Hardcore Grand Finale Part One: Recapping 2019 Gaming

Well, it is currently Thanksgiving at the time I am writing this. I am sitting here in front of my laptop before my friends and I all have Thanksgiving dinner together, just taking it easy and enjoying the holiday rather than rushing out to the stores in an attempt to earn a cheap deal that is too good to be true. Personally, I’ll just sit back and let them engage in their own form of Mortal Kombat and laugh at the aftermath.

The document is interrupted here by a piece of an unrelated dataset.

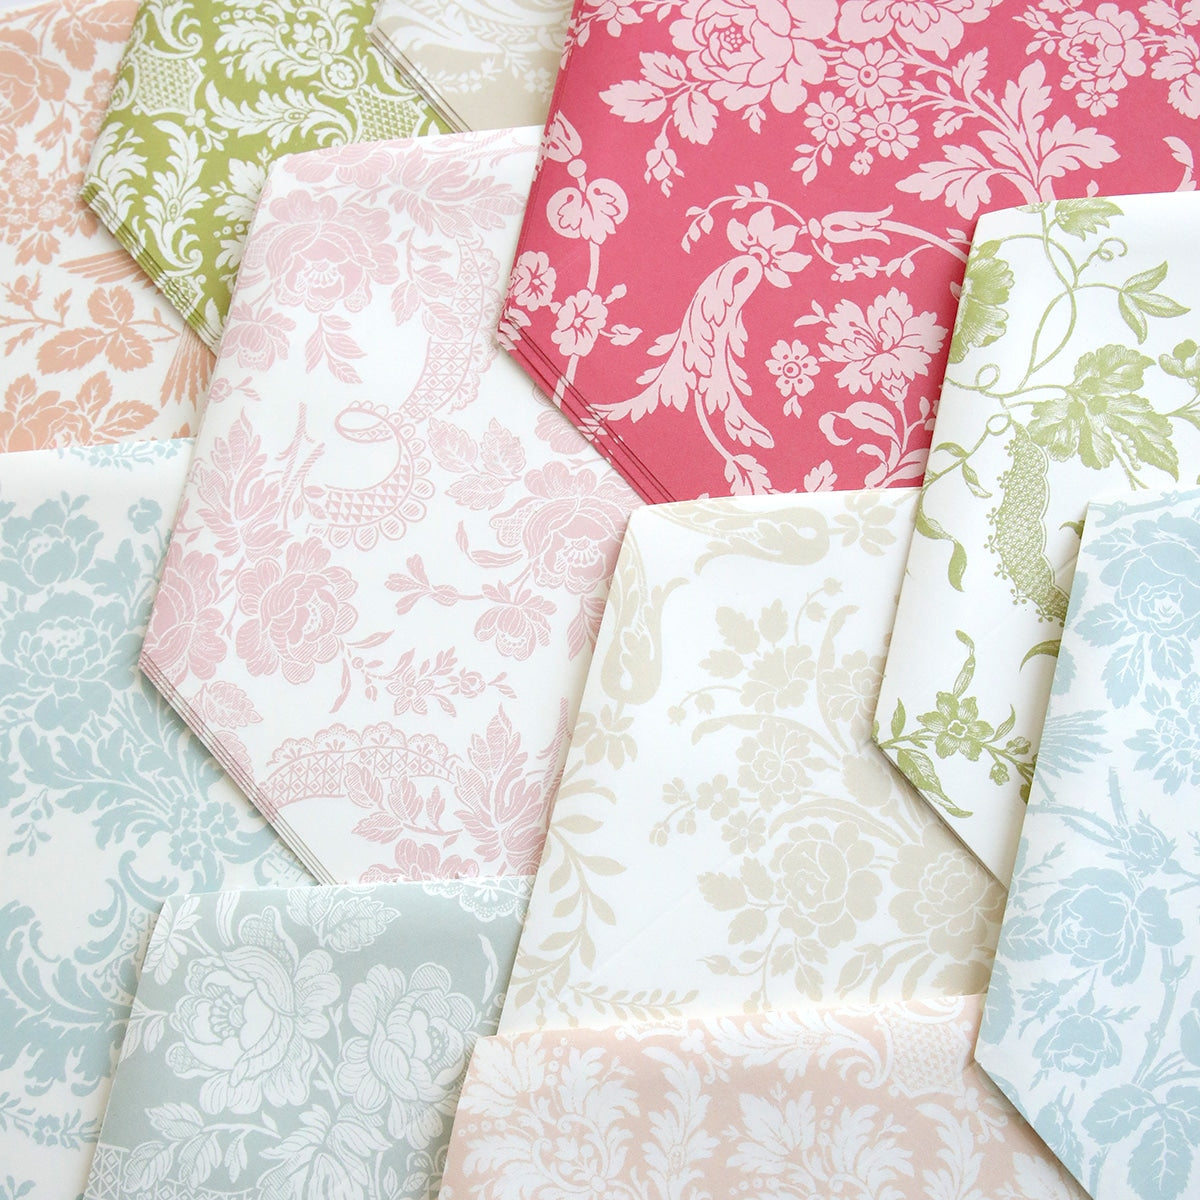 A bunch of Damask Envelope Liners fabrics.

But also, because of my upcoming retirement, this also makes an early start for my (final) annual review of the games of 2019. Let’s just say that 2019 will be known as a year of transition. Currently we are approaching the end of the Xbox One and PlayStation 4 generation. Even the Nintendo Switch got a slight boost (at the expense of the “Switch” feature) with the Switch Lite. But it was also a year of a new trend that I will mention later on. But as we always do, let’s take a look at the best and worst of the year.

GOOD: Plans for Next Generation Revealed

As I said, we are currently in a transition phase. With both the Xbox One and the PlayStation 4 nearing the end of their lifespan, talks have already started regarding both the Xbox successor, Project Scarlett, and the PlayStation 5. Though all we are hearing now are rumors and hearsay, I’m sure that come E3 2020 we will hear more about both new consoles. One thing is for sure, both consoles should be ready by the holiday shopping season next year.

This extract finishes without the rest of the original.